REQUIREMENT: Copy the listing below in full and skip every picture.

DATA BLOCK:
○ ○ ○ ○ ○

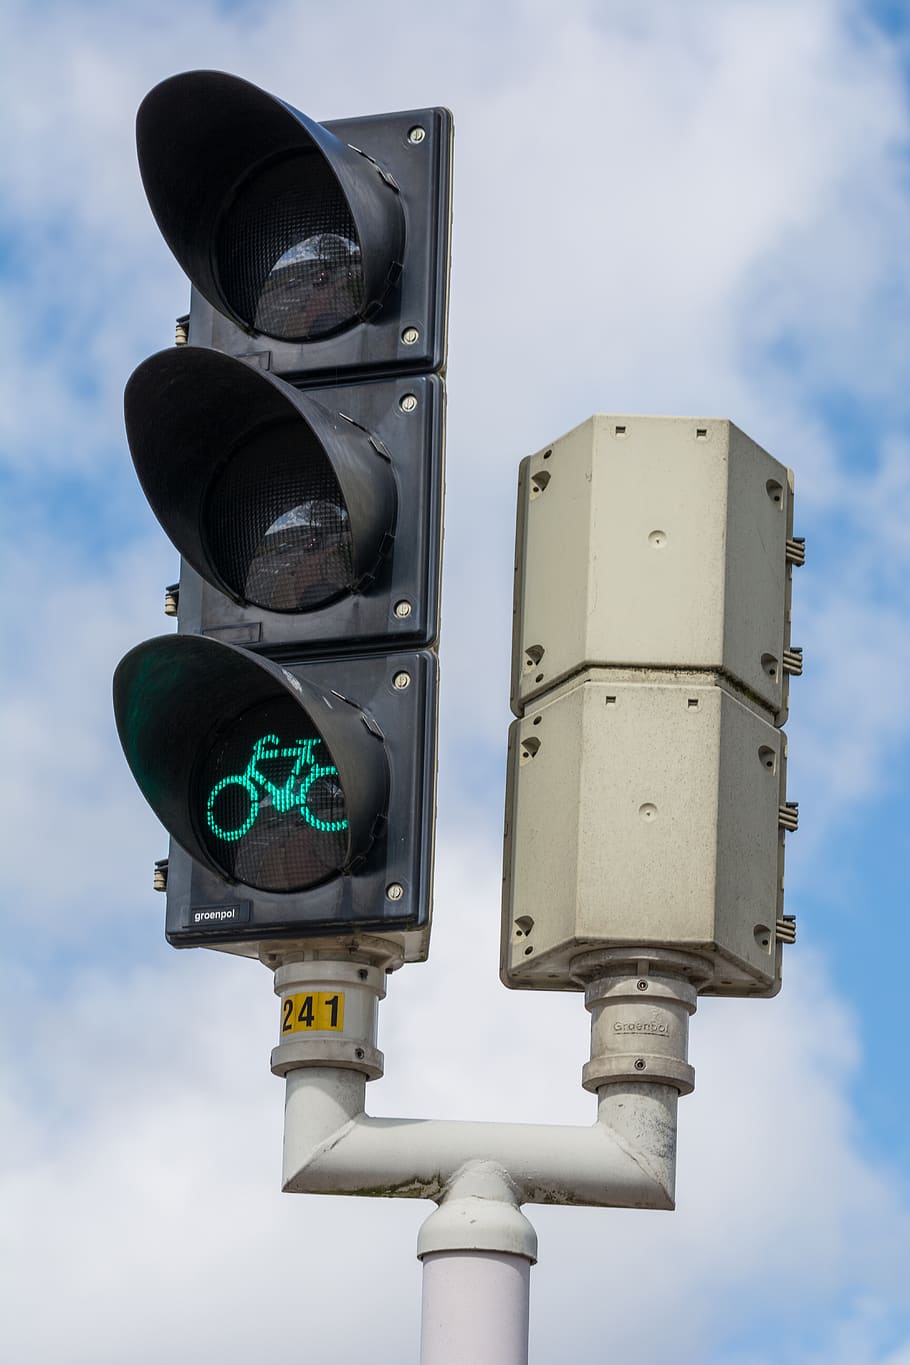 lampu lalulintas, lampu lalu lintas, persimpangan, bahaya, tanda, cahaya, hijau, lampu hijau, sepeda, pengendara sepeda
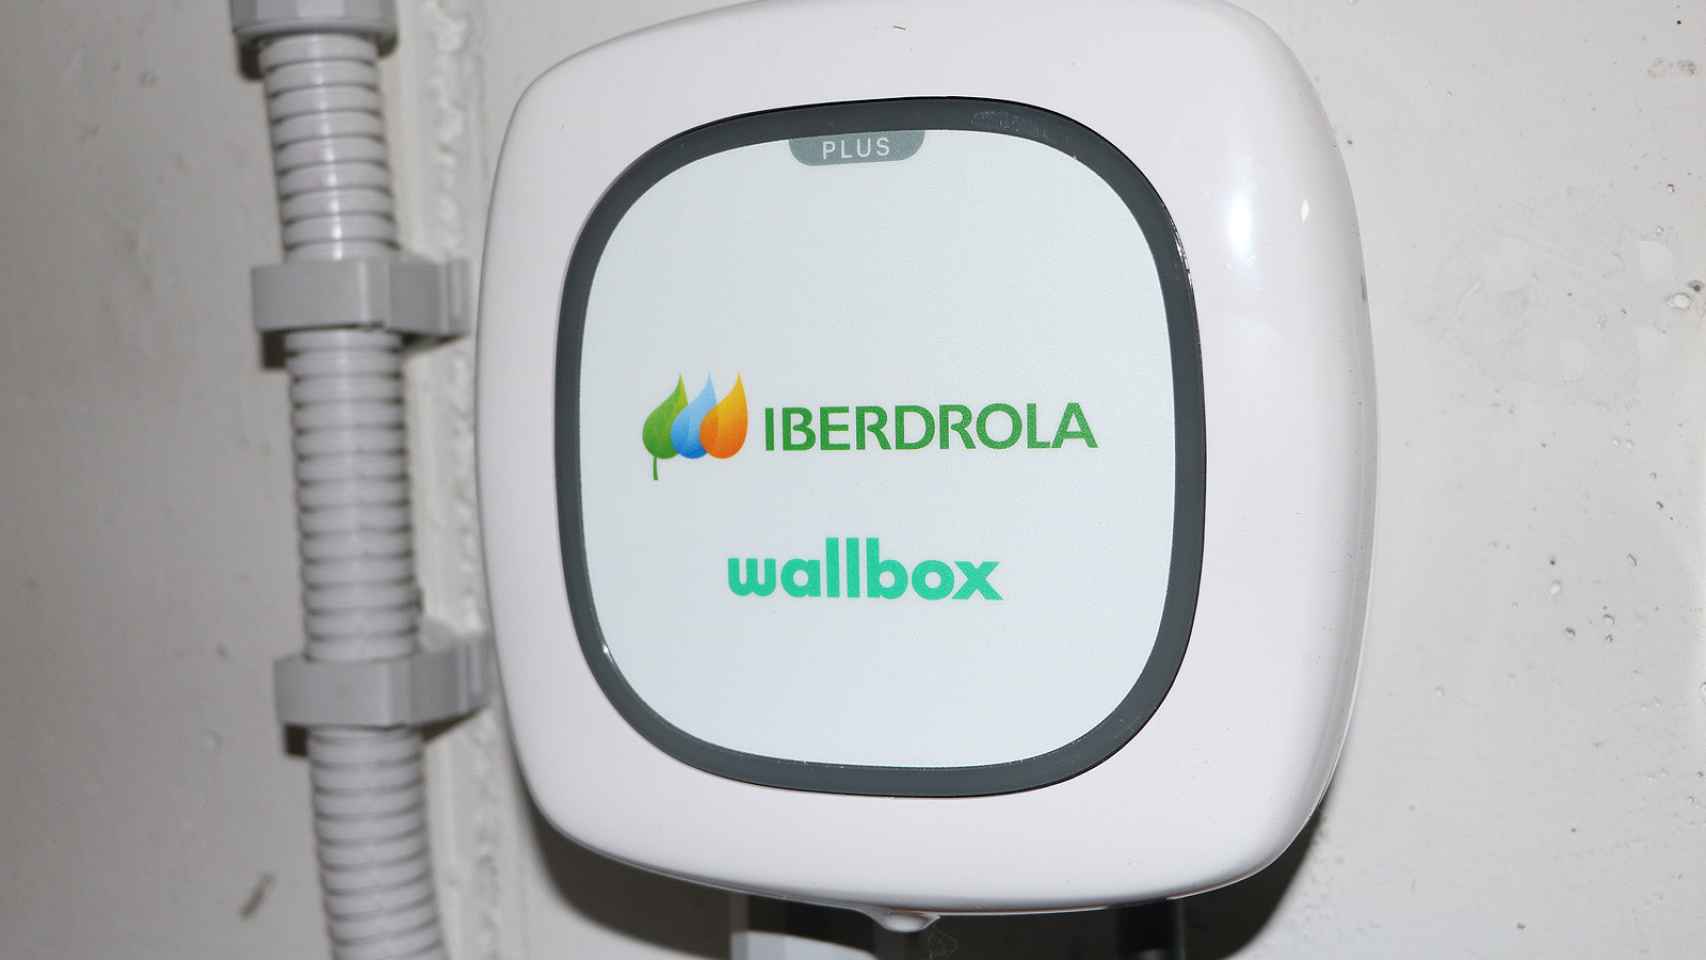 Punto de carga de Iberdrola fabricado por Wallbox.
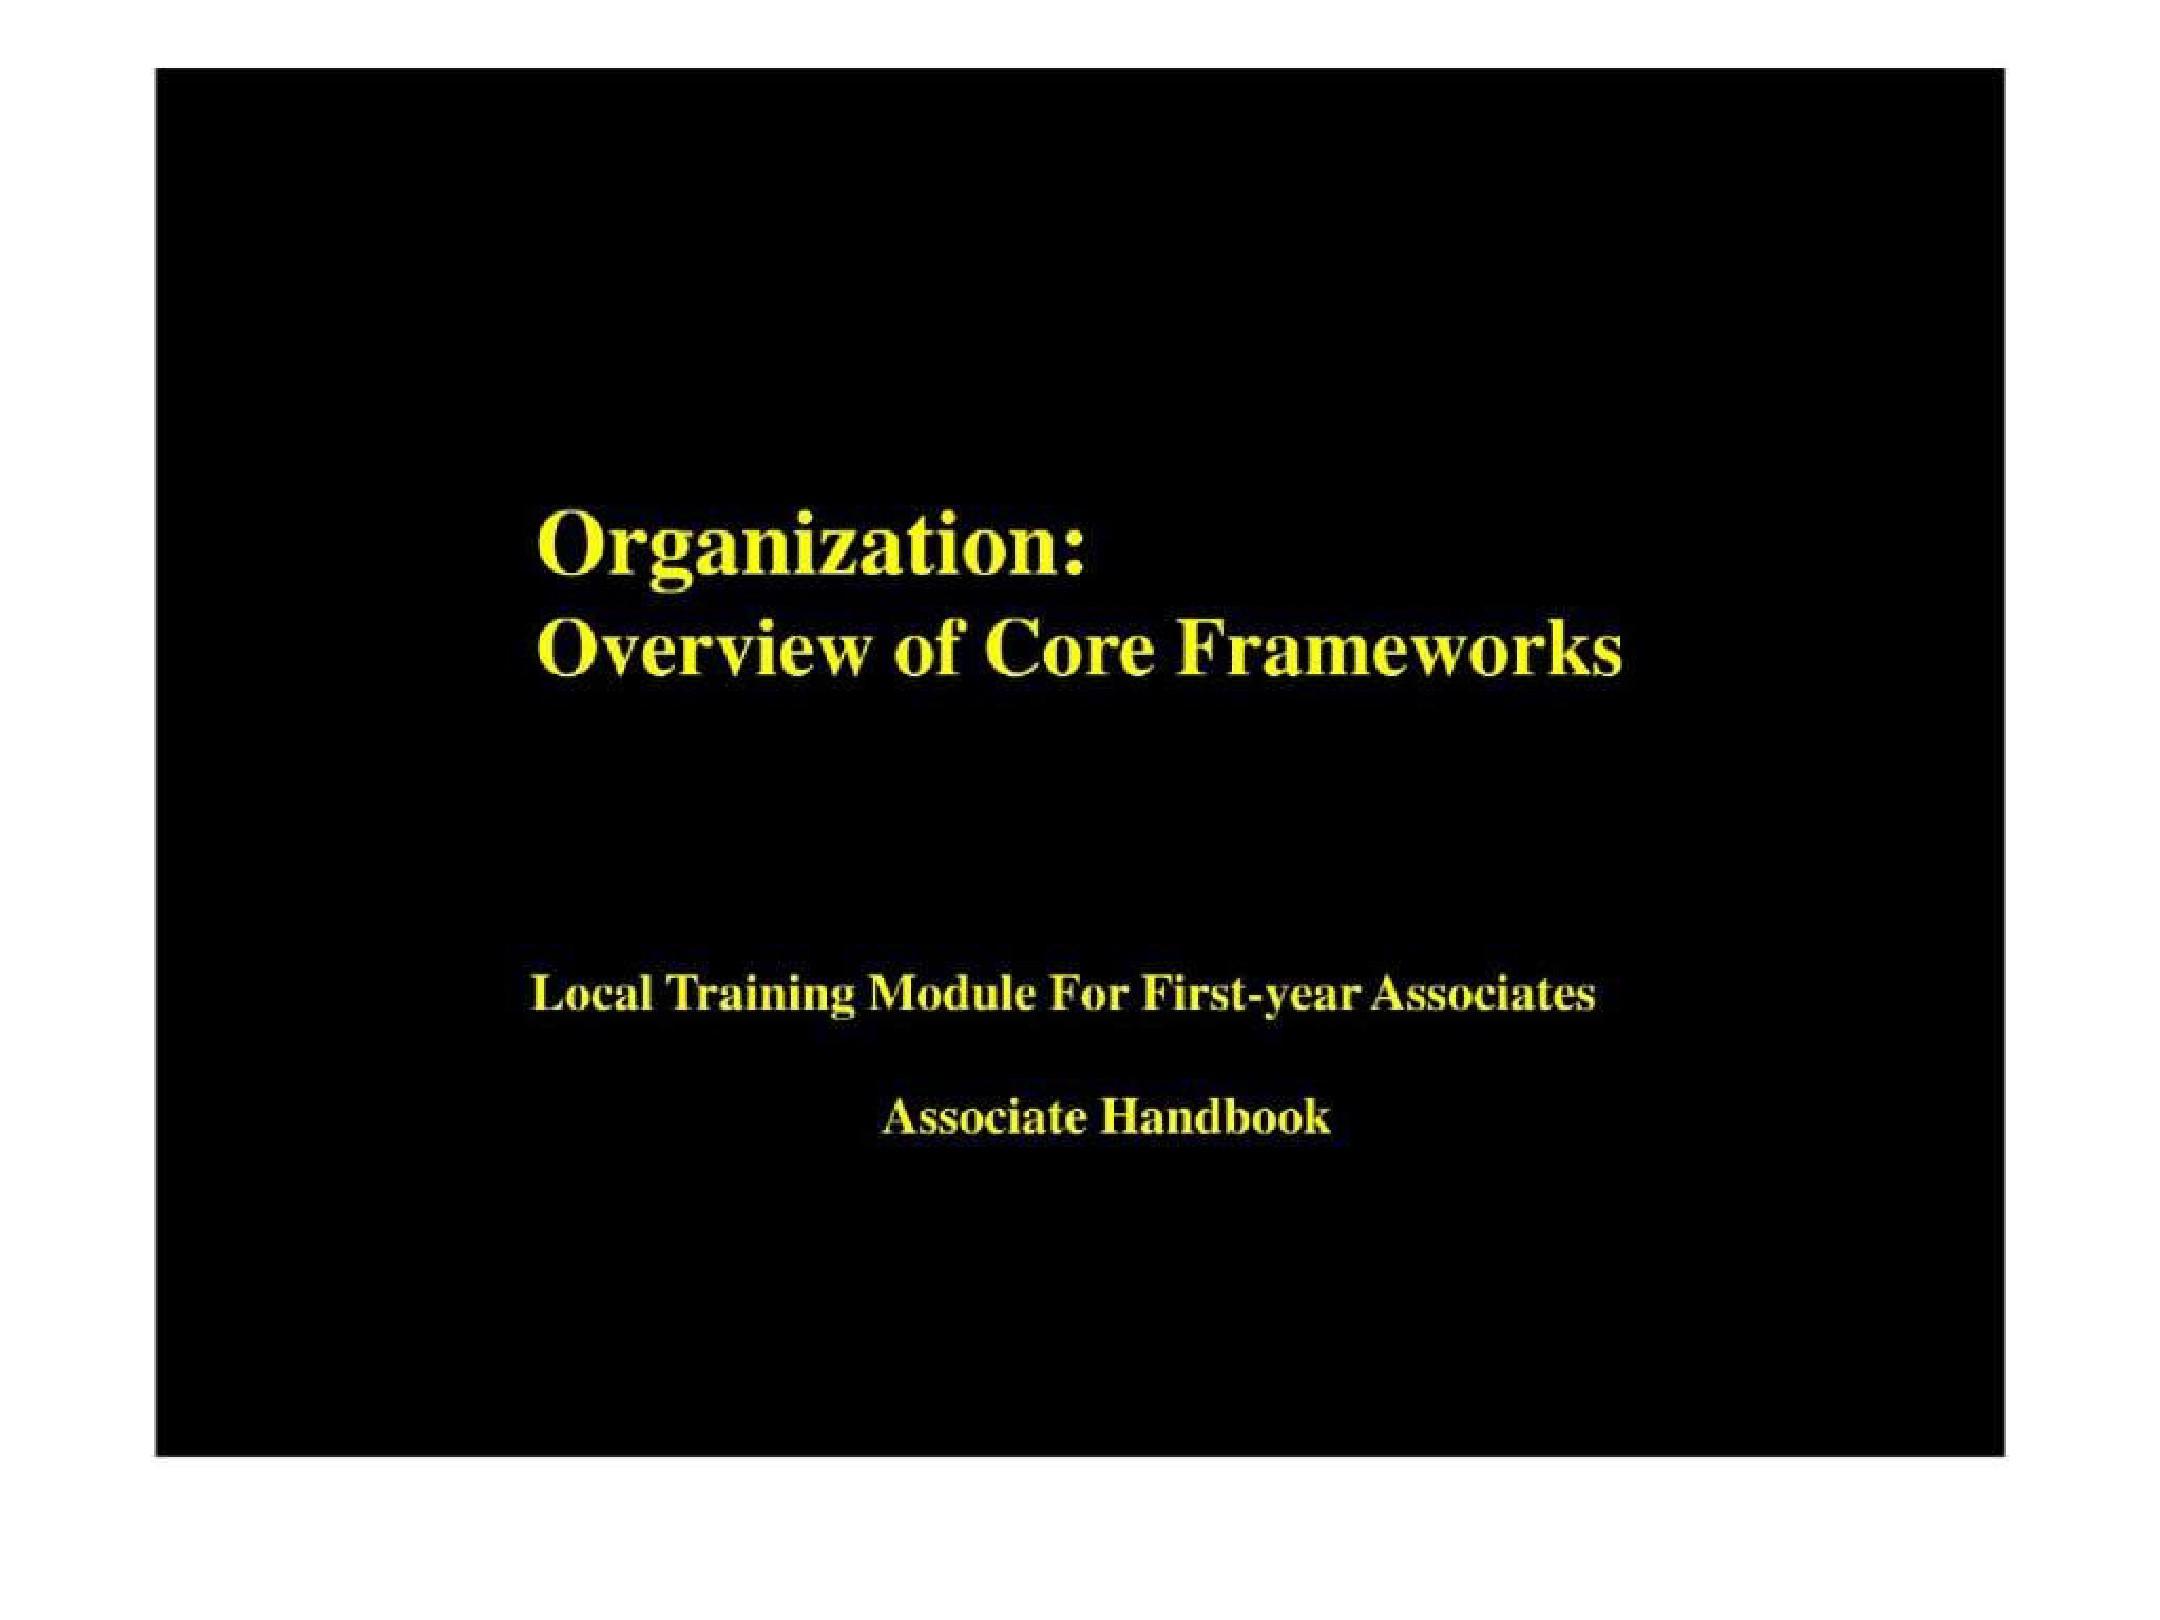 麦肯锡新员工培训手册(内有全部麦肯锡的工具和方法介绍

○ ○ ○ ○ ○

YOUR SOLUTION:
 lampu lalulintas, lampu lalu lintas, persimpangan, bahaya, tanda, cahaya, hijau, lampu hijau, sepeda, pengendara sepeda
 Punto de carga de Iberdrola fabricado por Wallbox.
 麦肯锡新员工培训手册(内有全部麦肯锡的工具和方法介绍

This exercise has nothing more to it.